Pelatihan Penyidikan TPPU dari Tindak Pidana Lingkungan Hidup dan Kehutanan 2025 Sukses di Laksanakan
Depok - Pusat Pendidikan dan Pelatihan APU PPT sukses laksanakan Pelatihan Penyidikan Tindak Pidana Pencucian Uang (TPPU) dari Tindak Pidana Lingkungan Hidup dan Kehutanan selama tiga hari secara tatap muka pada 10–14 November 2025. Kegiatan ini diikuti oleh 17 peserta dari Kementerian Lingkungan Hidup, Kementerian Kehutanan, Polri, dan PPATK.
Pelatihan dibuka oleh Kepala Pusat Pendidikan dan Pelatihan APU PPT, Akhyar Effendi, yang menekankan pentingnya peningkatan kapasitas aparat penegak hukum dalam penyidikan kejahatan pencucian uang. “Pelatihan ini membantu meningkatkan pemahaman penyidik dalam melakukan penyidikan TPPU, khususnya yang berasal dari tindak pidana lingkungan hidup dan kehutanan,” ujarnya pada Senin (10/11).
Ia juga menambahkan bahwa penguatan kompetensi penyidik merupakan langkah penting dalam memperkuat upaya pemberantasan kejahatan lingkungan. “Dengan kompetensi yang lebih kuat, efektivitas penyidikan TPPU dari Tindak Pidana Asal di bidang lingkungan hidup dan kehutanan diharapkan dapat meningkat secara signifikan,” tambahnya.
Kejahatan lingkungan hidup seperti pembalakan liar, pertambangan tanpa izin, perdagangan satwa dilindungi, serta konversi lahan ilegal sering menghasilkan keuntungan besar yang kemudian dicuci melalui skema keuangan kompleks.
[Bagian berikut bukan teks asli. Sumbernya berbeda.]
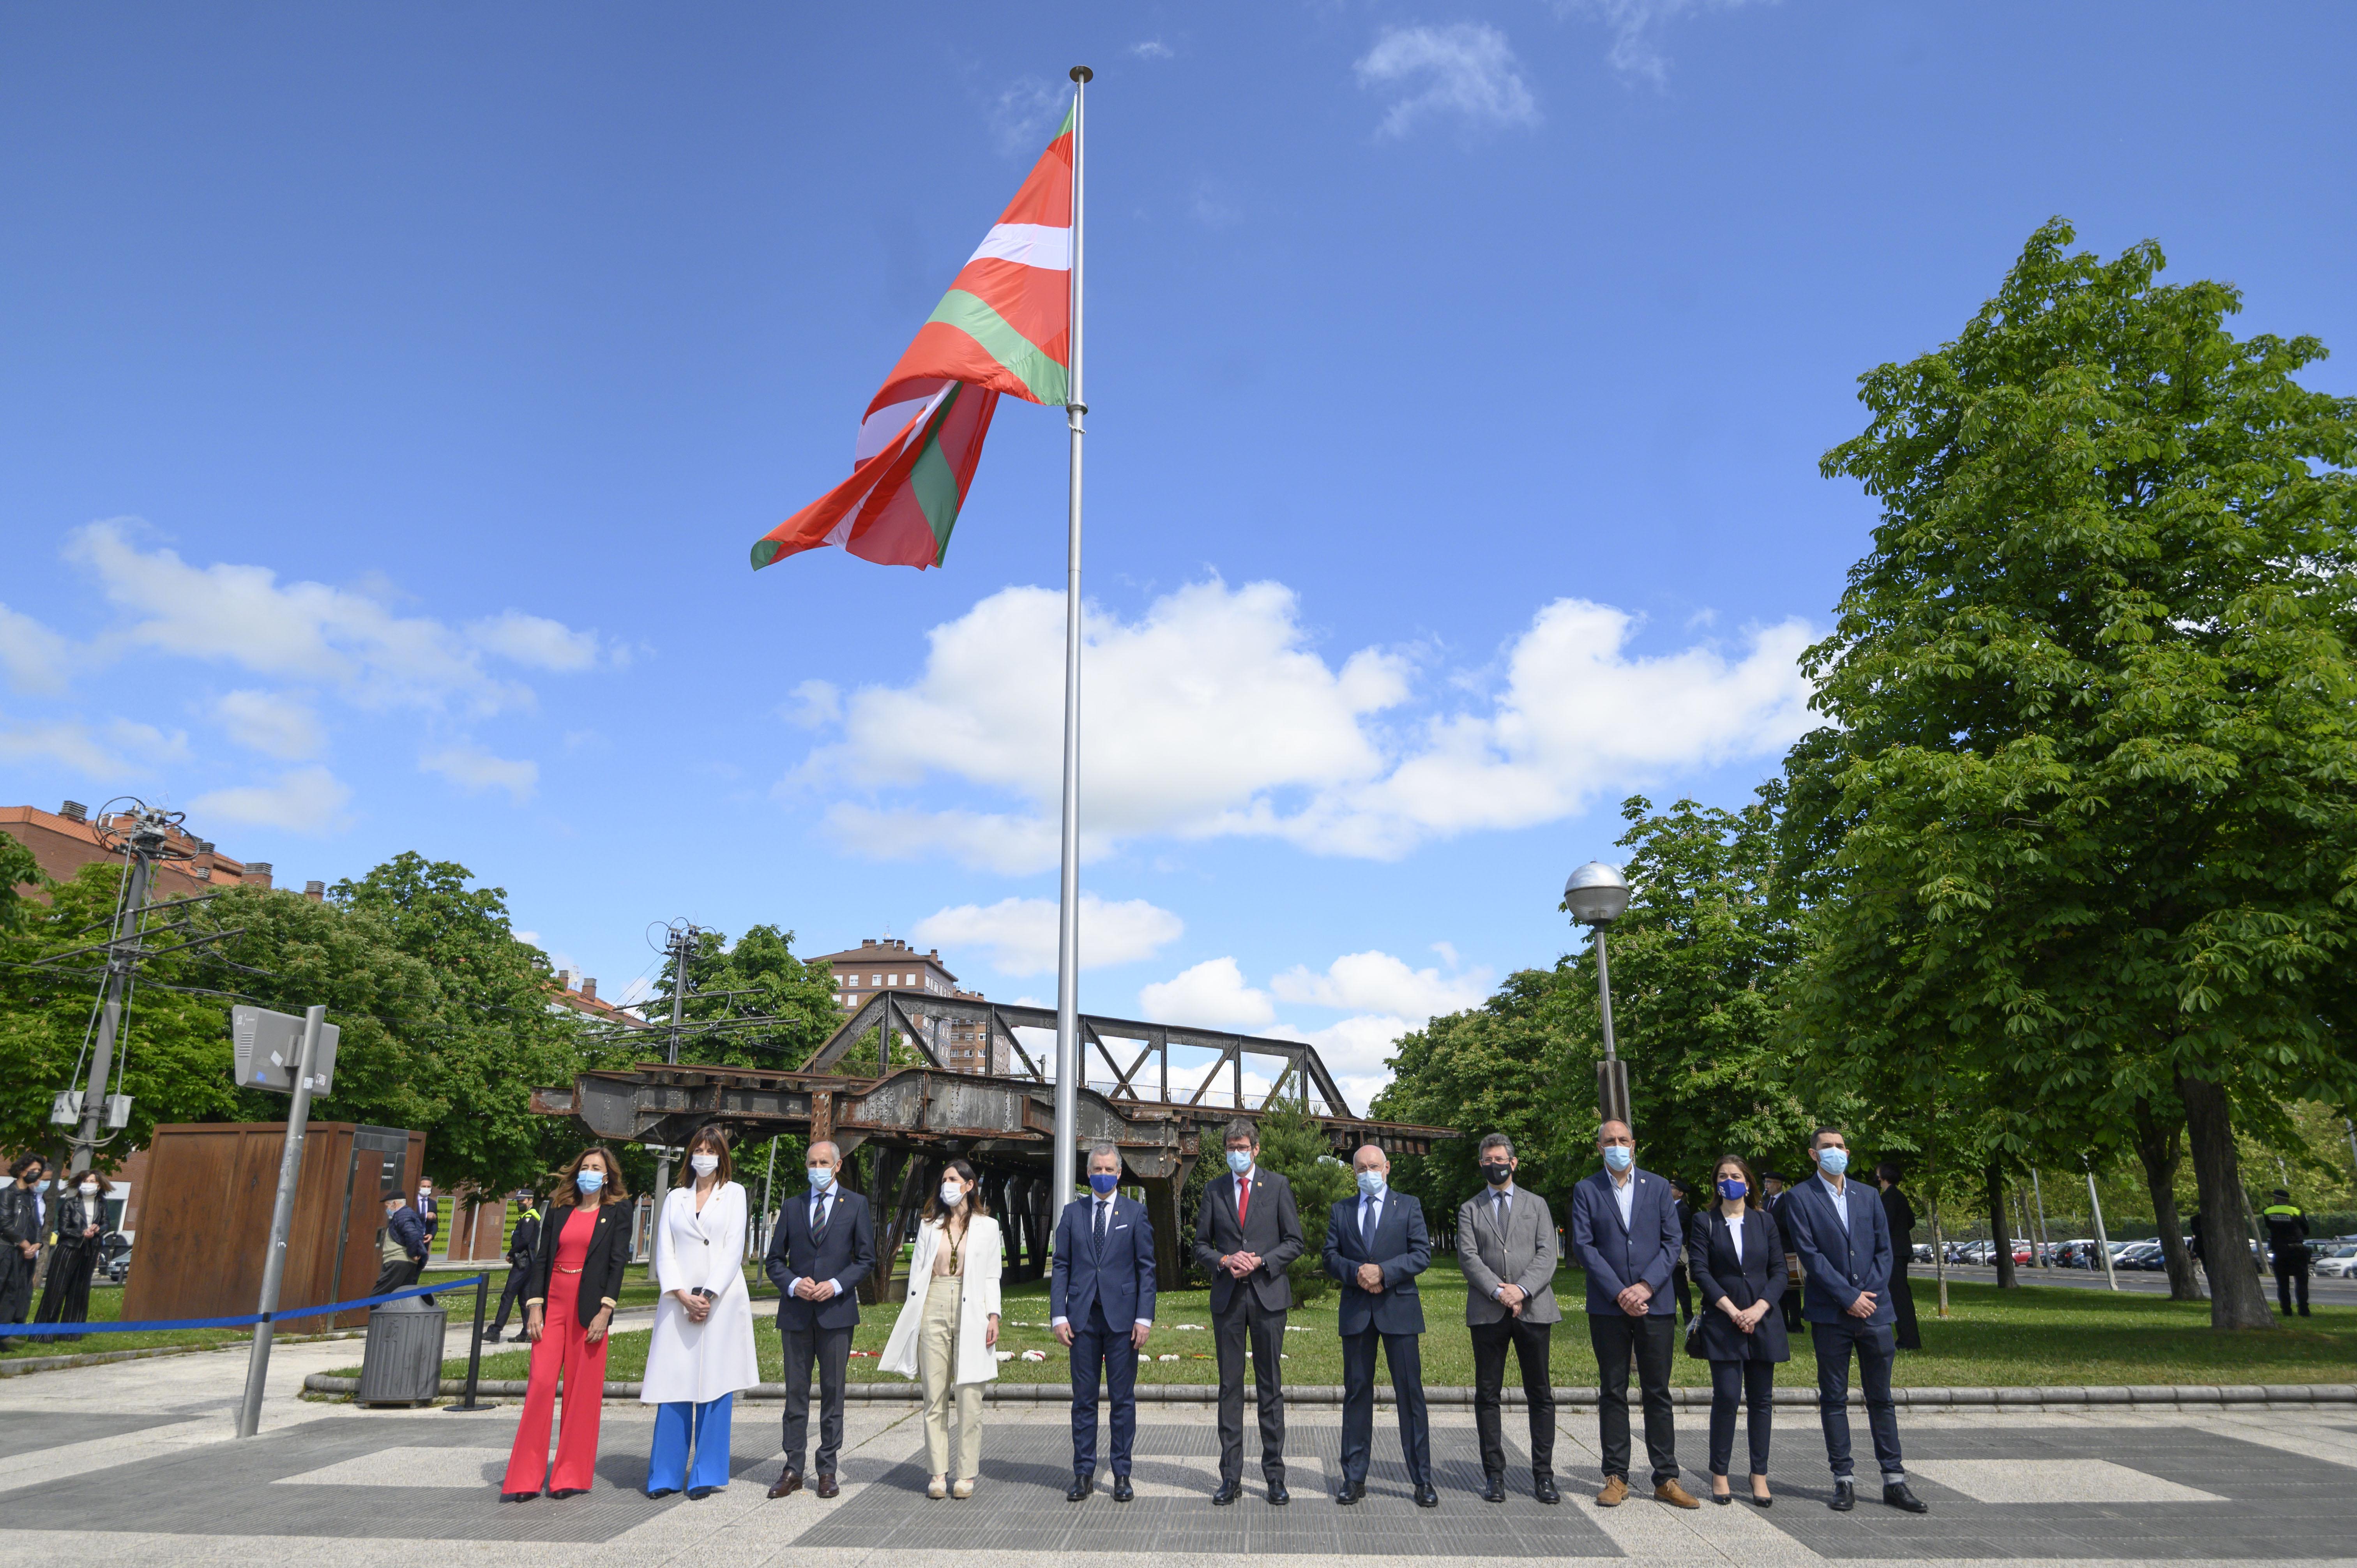 El Lehendakari y el Alcalde de Vitoria-Gasteiz ratifican la renovación del Convenio de Colaboración en el que se designa a Vitoria-Gasteiz como sede de las Instituciones Comunes [3:01]

Upaya pelacakan aliran dana menjadi tantangan tersendiri bagi penyidik, sehingga pendekatan follow the money menjadi fokus utama pelatihan ini.
Pusdiklat APU PPT berharap kegiatan ini dapat memperkuat efektivitas penegakan hukum terhadap tindak pidana lingkungan hidup dan kehutanan, sekaligus memutus aliran dana ilegal yang selama ini menjadi sumber kekuatan jaringan kriminal. (wkw)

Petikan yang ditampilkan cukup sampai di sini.